Nov 23 2006
Happy Thanksgiving
Q: How does a girl who’s 3,000 miles from her family spend Thanksgiving?
A: In a more or less traditional manner. This morning, I read the papers in my bijou hotel room with the 80th Macy’s Thanksgiving Day Parade on the flat-screen TV, while sipping room service coffee and feeling really quite thankful.
Holiday shopping starts early in New York, and when in New York, go shopping. My hairdresser told me of a mythical place called Century Twenty One (no, not the fashion-challenged realtors in those dreadful gold jackets), where designer clothes and other delightfuls are drastically on sale. Think $450 cashmere sweaters for a paltry $60.

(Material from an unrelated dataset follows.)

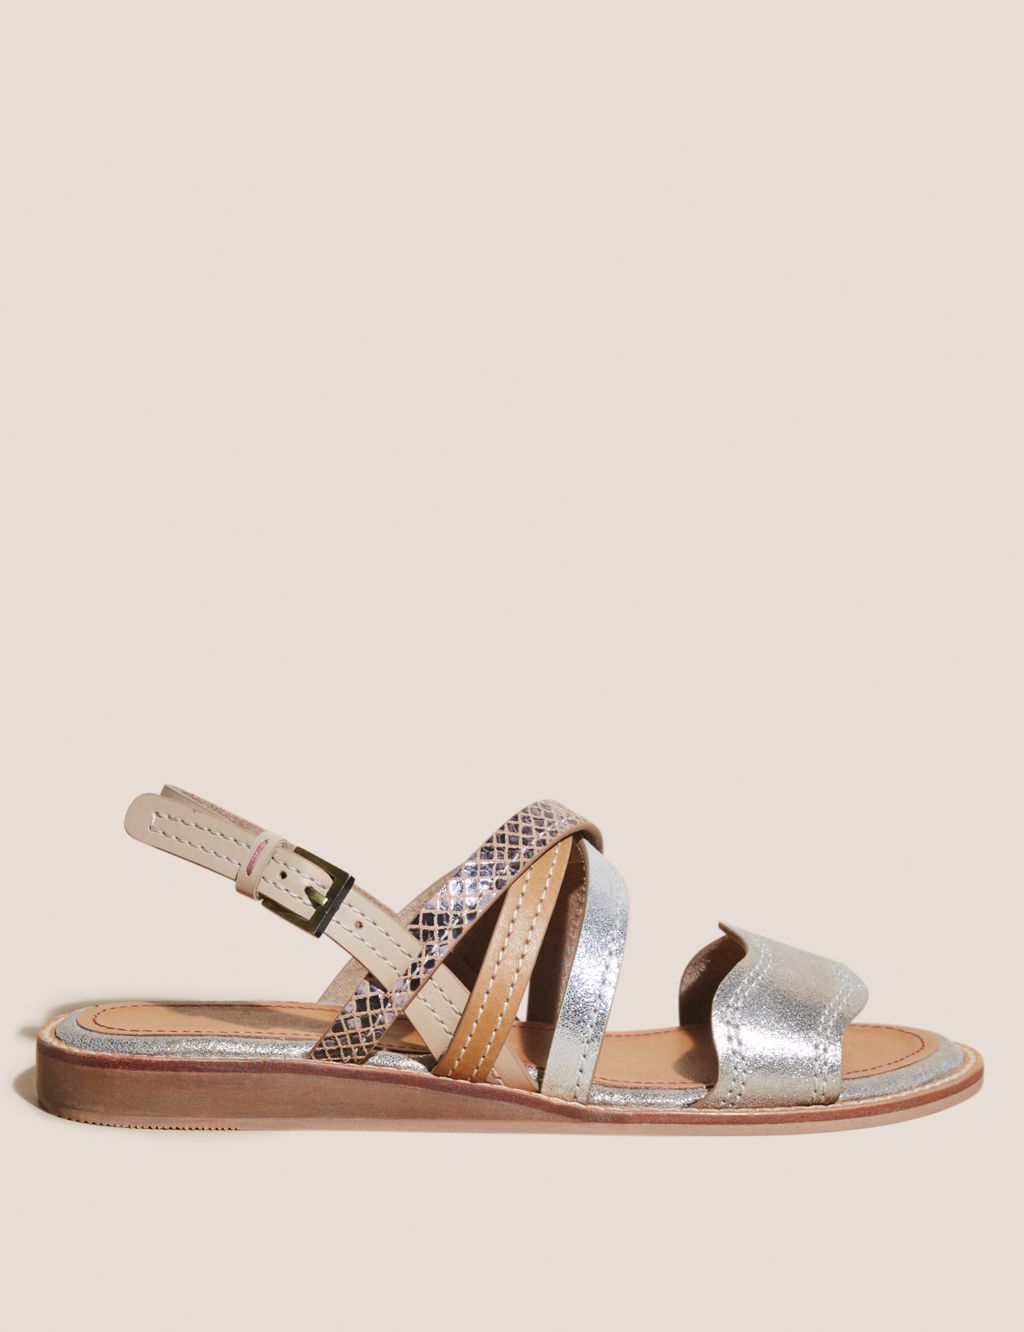 Leather Metallic Strappy Wedge Sandals image 1
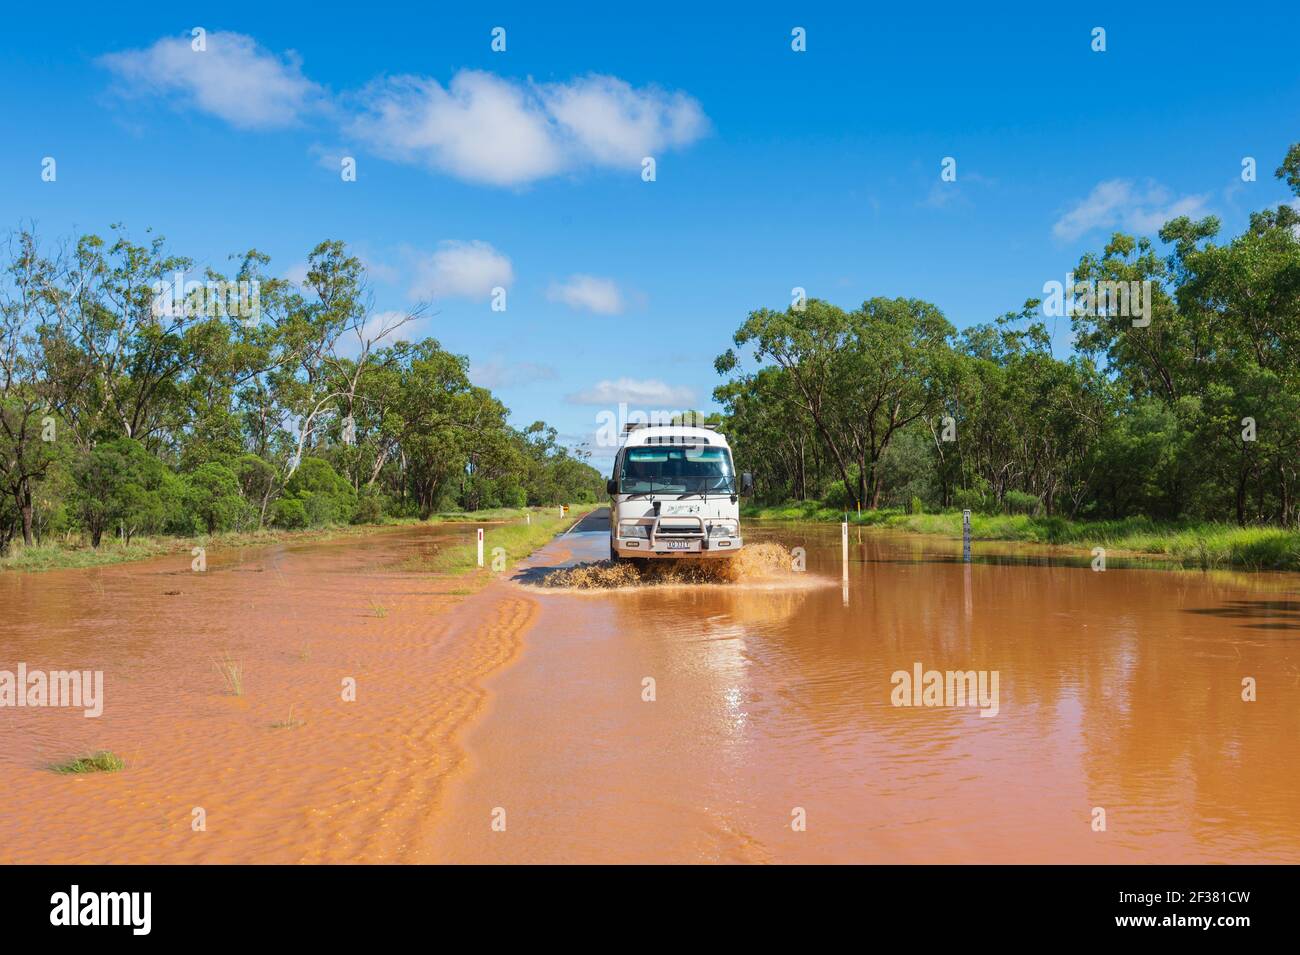 Toyota Coaster mini-bus driving through floods on a remote Outback road covered in red mud after a storm, near Thallon, Queensland, QLD, Australia Stock Photo

I was a little hesitant to go at first, when he told me it was right near Ground Zero. I had no intention of going there. A place like that should not be a tourist site. (In my opinion, they should have the two blue beams of light there forever, and not rebuild on a gravesite. Of course, I also believe that every single flag in the entire US of A should fly at half-mast until every single soldier is home from Iraq, but that’s just me.)
In the end, I could shop without gawking, and after all, shopping is a New York tradition, especially this time of year. I have to say, the city looks so pretty in its holidaywear that I can hardly wait to get home and put up my tree.
Tonight, I’ll head on over to PJ Clarke’s, the delightfully crowded and friendly 120 year old saloon nearby. Johnny Mercer wrote “One for My Baby” there, and Buddy Holly proposed to his wife-to-be there, saying prophetically, “I don’t have time” when she asked to think it over. I’ll have dinner at Frank Sinatra’s table (Number 20), and think of all of you, my family and friends, who I love, and who, more remarkably, love me back.